И Узумаки останавливается резко, вскидывая подбородок, непринужденно засовывая руки в карманы и чуть краснея.
- А может того... чаю?
В награду - снова недоуменно изогнутая бровь и отрицательное покачивание головой.
- Колы?
Идентично.
- Пива?
Нет-нет-нет.
- Сок?
- Какой?
С усилием вспоминая содержимое своего холодильника, Наруто мысленно бегло скользит взглядом по названиям и картинкам на этикетках и удрученно понимает, что сок только один. Дурацкий сок, который отчего-то очень любит Сакура.
- Томатный.
Секундная пауза, ни искорки в равнодушных глазах.
- Только недолго.
И вот тогда Узумаки накрывает волной сумасшедшей радости. Тогда, когда это, непонятно, как и откуда, взявшееся в его жизни создание, стягивает с себя зимнюю куртку, аккуратно вешает ее на загнутый крючок, поправляет рубашку с коротким рукавом, совсем не по погоде. И выжидающе смотрит прямо в глаза, словно все-таки ждет еще одного приглашения, скрестив на груди, по определению не знакомые с загаром руки.

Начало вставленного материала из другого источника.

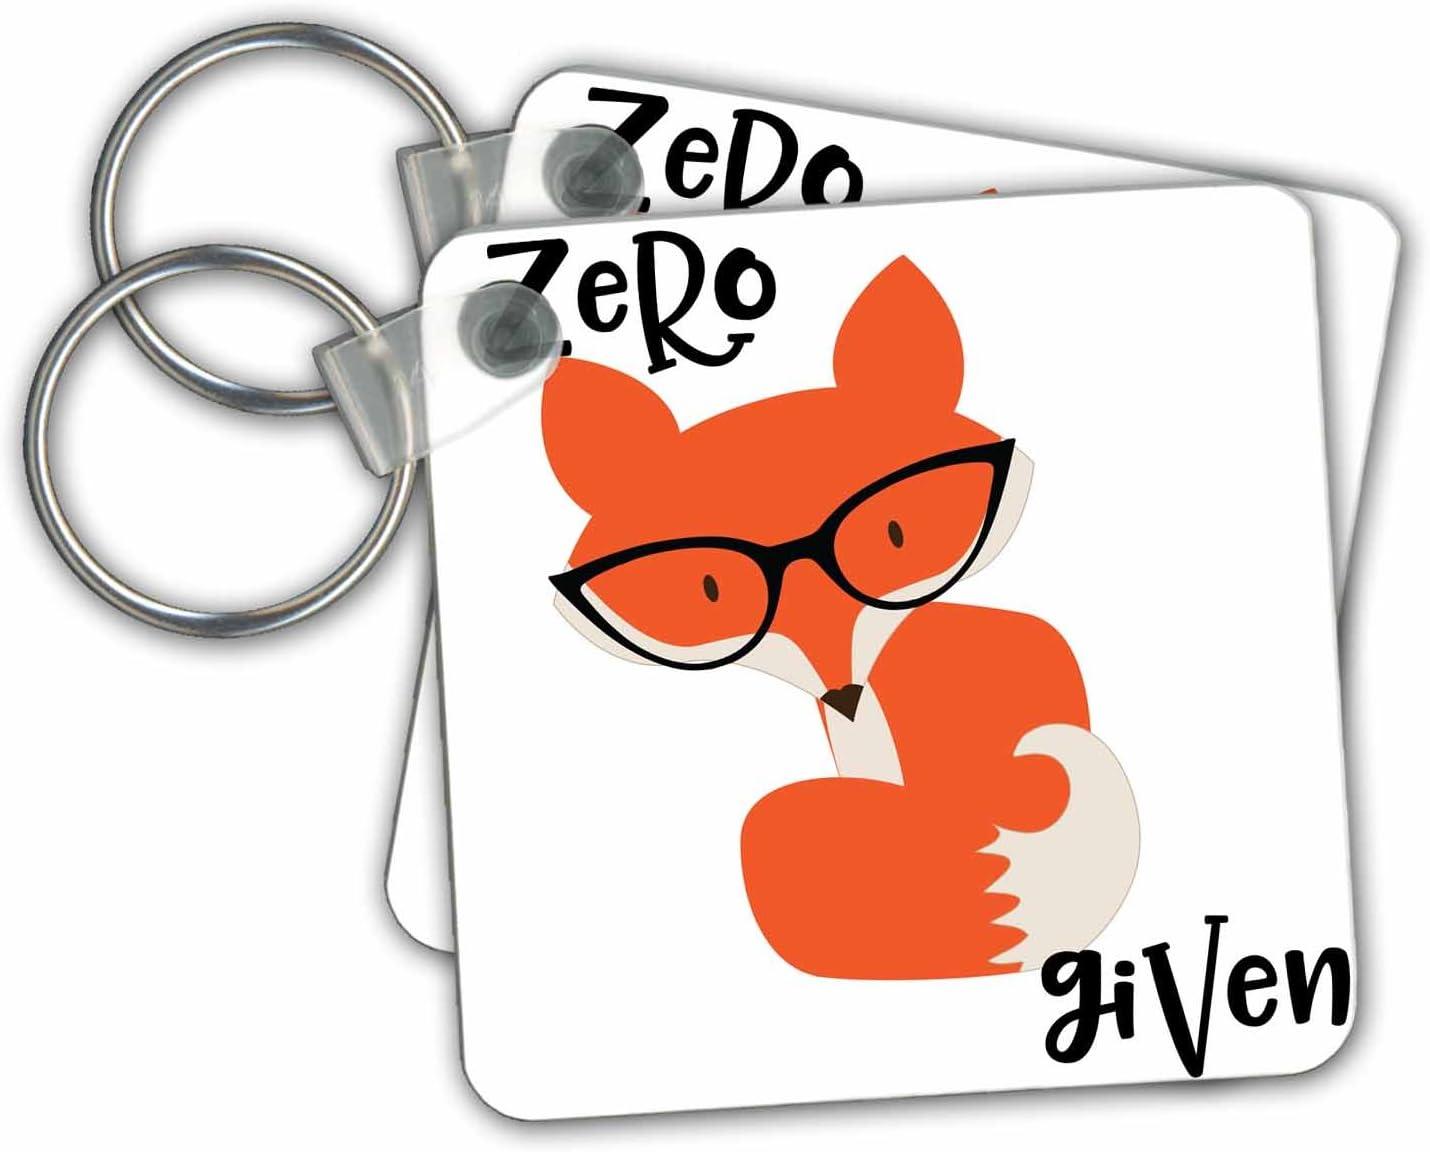 2.25 x 2.25 Set of 2 kc/_270955/_1 3dRose Key Chains Zero Fox Given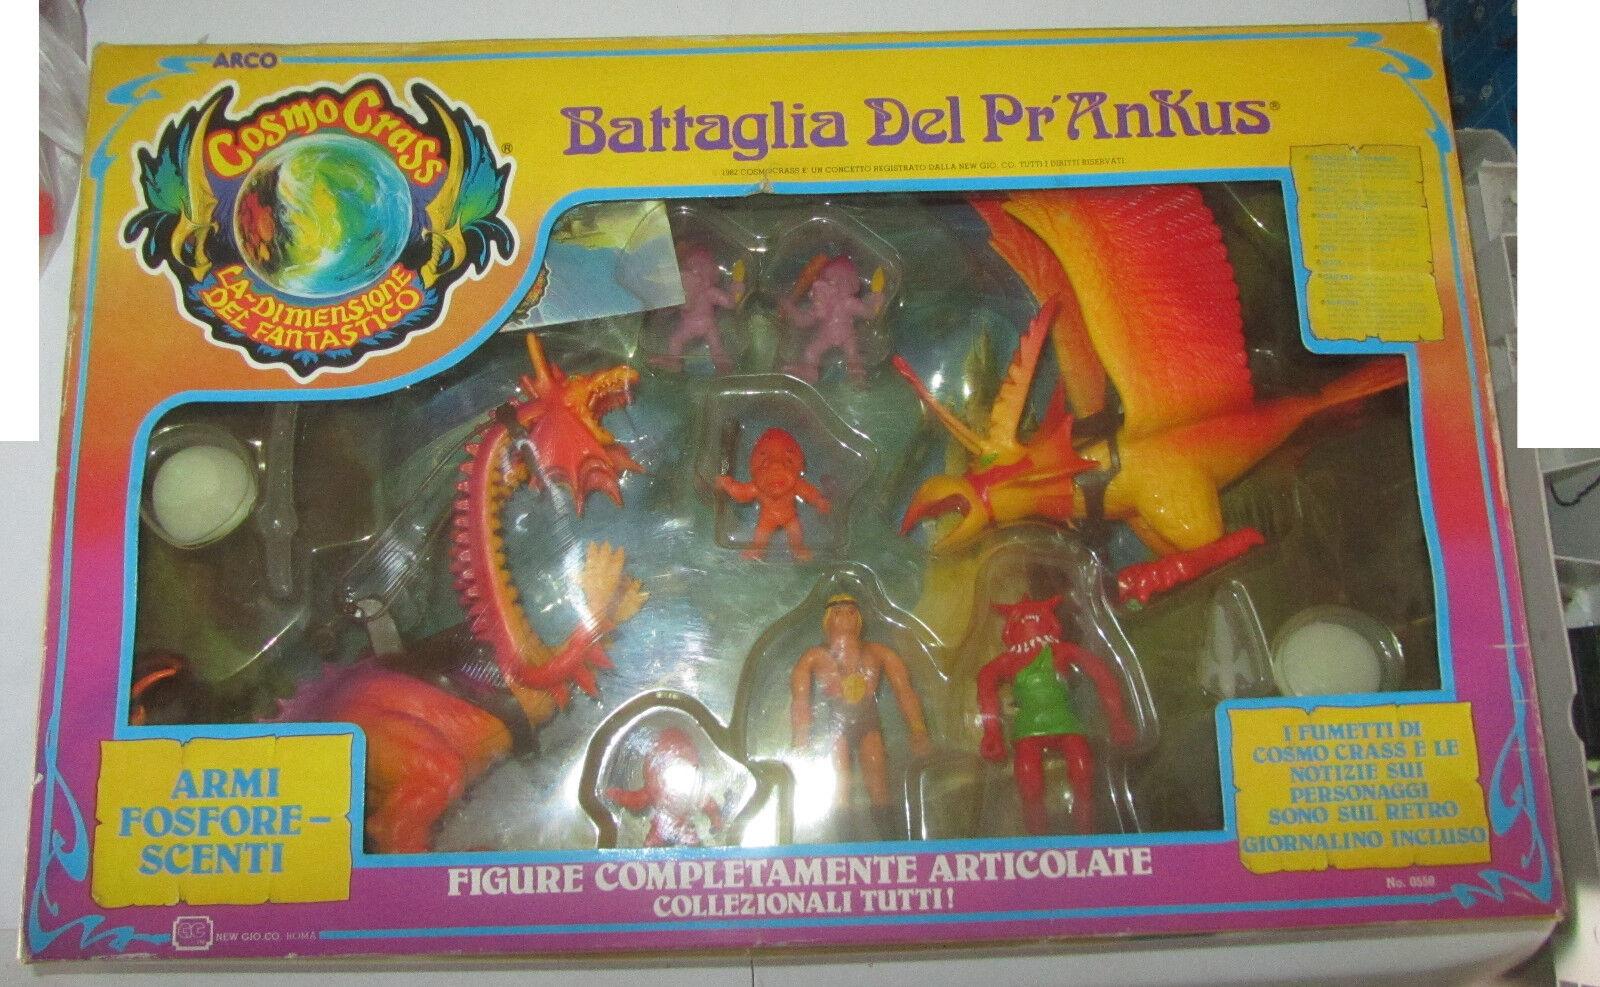 COSMO CRASS  ARCO THE OTHER WORLD Battaglia Del Pr' Ankus 1982 nouveau Gio.Co. Roma  bienvenue pour acheter

Руки с черными нарукавниками до локтей.
* (с) Shinedown – Her Name Is Alice.
Глава 3. Семь.Кухня – самое уютное место в доме. Она помнит столько разговоров, столько невысказанных мыслей, которые навеки таковыми остались, подарив свою значимость чашке чая, в которую всматриваешься, как в озера синие, ища, ожидая ответа. Она помнит одиночество, тоскующее и необходимое, желанное и опостылевшее. Она помнит ожидание, суету, порезанные пальцы, обожженные ладони, любовное укладывание тарелок в раковину и скрытое разочарование от отказа-намека. Порой так безумно хочется услышать «мы же друзья», а бывает, что эта фраза бьет по размягченному надеждой внутреннему миру ударом извивающейся плети. Ведь Наруто действительно очень нравится Сакура.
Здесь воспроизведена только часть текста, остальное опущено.